FOR IMMEDIATE RELEASE
Contact: Ayobami Olugbemiga, Press Secretary
AyobamiO@nationalskillscoalition.org
April 21, 2020

Washington, D.C. — National Skills Coalition today released new fact sheets illustrating American workers’ digital skill gaps across five major industry sectors – manufacturing, health and social work, hospitality, retail, and construction – and what policymakers and business leaders can do to address these gaps.

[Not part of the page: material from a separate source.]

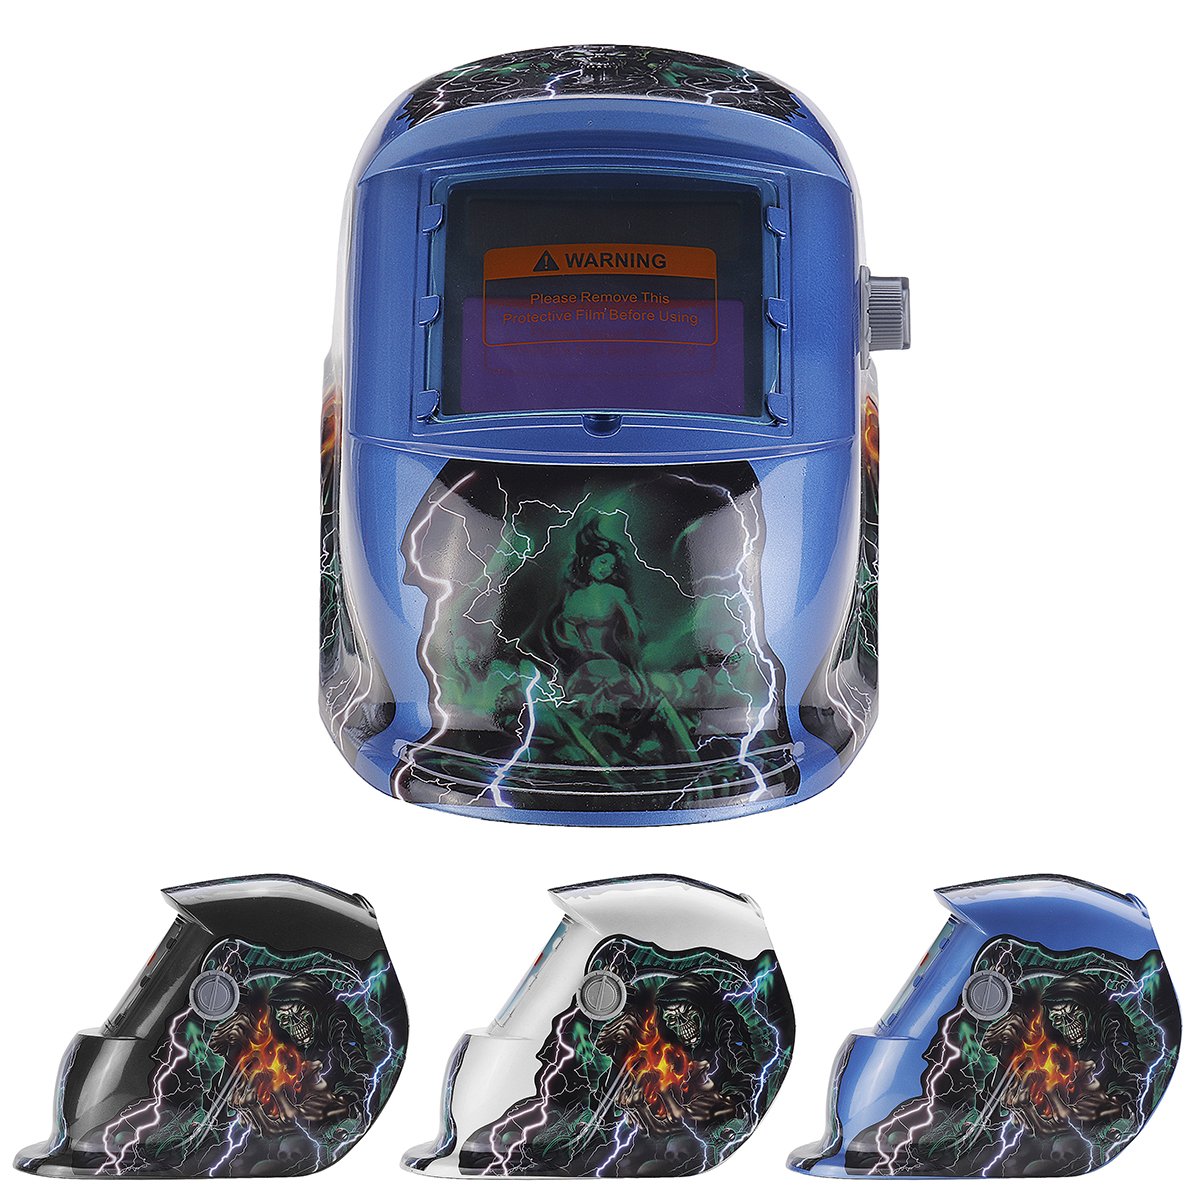 Solar-Controller-Electric-Welding-Helmets-Masks-Welder-Protection-Tools-Welding-Devices-Welding-Helm-1559031-1

The Covid-19 pandemic has highlighted the need for workers in all industries to have strong digital skills. However, approximately 1 in 3 American workers has limited or no digital skills and there are significant variations among the five industry sectors that NSC analyzed:

  • Half (50 percent) of construction, transportation and storage sector workers have limited or no digital skills. Yet these workers have seen rapid increases in the digital demands of their jobs in recent years, from construction workers who now use drones to collect surveying data on building sites to bus drivers who are required to complete online safety training modules.
 
  • More than one-third (37 percent) of workers in retail, wholesale, and auto repair have limited or no digital skills. Digital skill demands in these sectors include cosmetic company employees completing online learning modules to boost their digital marketing expertise, and auto technicians using computerized diagnostic tools to tackle repair jobs.
 
  • One-third (36 percent) of hospitality workers have limited or no digital skills. These sectors include hotels and restaurants, as well as dry cleaning and laundry, hairdressing, pet care, and valet parking services, among others. Digital skills needed in these industries include parking attendants who must use handheld computers to log vehicle incidents for insurance purposes, and hotel clerks who are helping guests install customized apps that allow them to use mobile keys.
 
  • More than one in three manufacturing workers (35 percent) have limited or no digital skills. These skill gaps are especially problematic in the modern environments of advanced and precision manufacturing. Workers must be able to use tools such as 3D printers on the shop floor, monitor and interpret data from sensors throughout a manufacturing facility, and even use “wearable tech” to receive in-the-moment training through virtual reality.
 
  • One-third (33 percent) of workers in the health and social work sector have limited or no digital skills. As the pandemic has shown, these skills are of critical importance in providing telehealth services, recording patient data to share with fellow providers in disparate locations, and monitoring the well-being of elders, rural patients, and others who may be isolated.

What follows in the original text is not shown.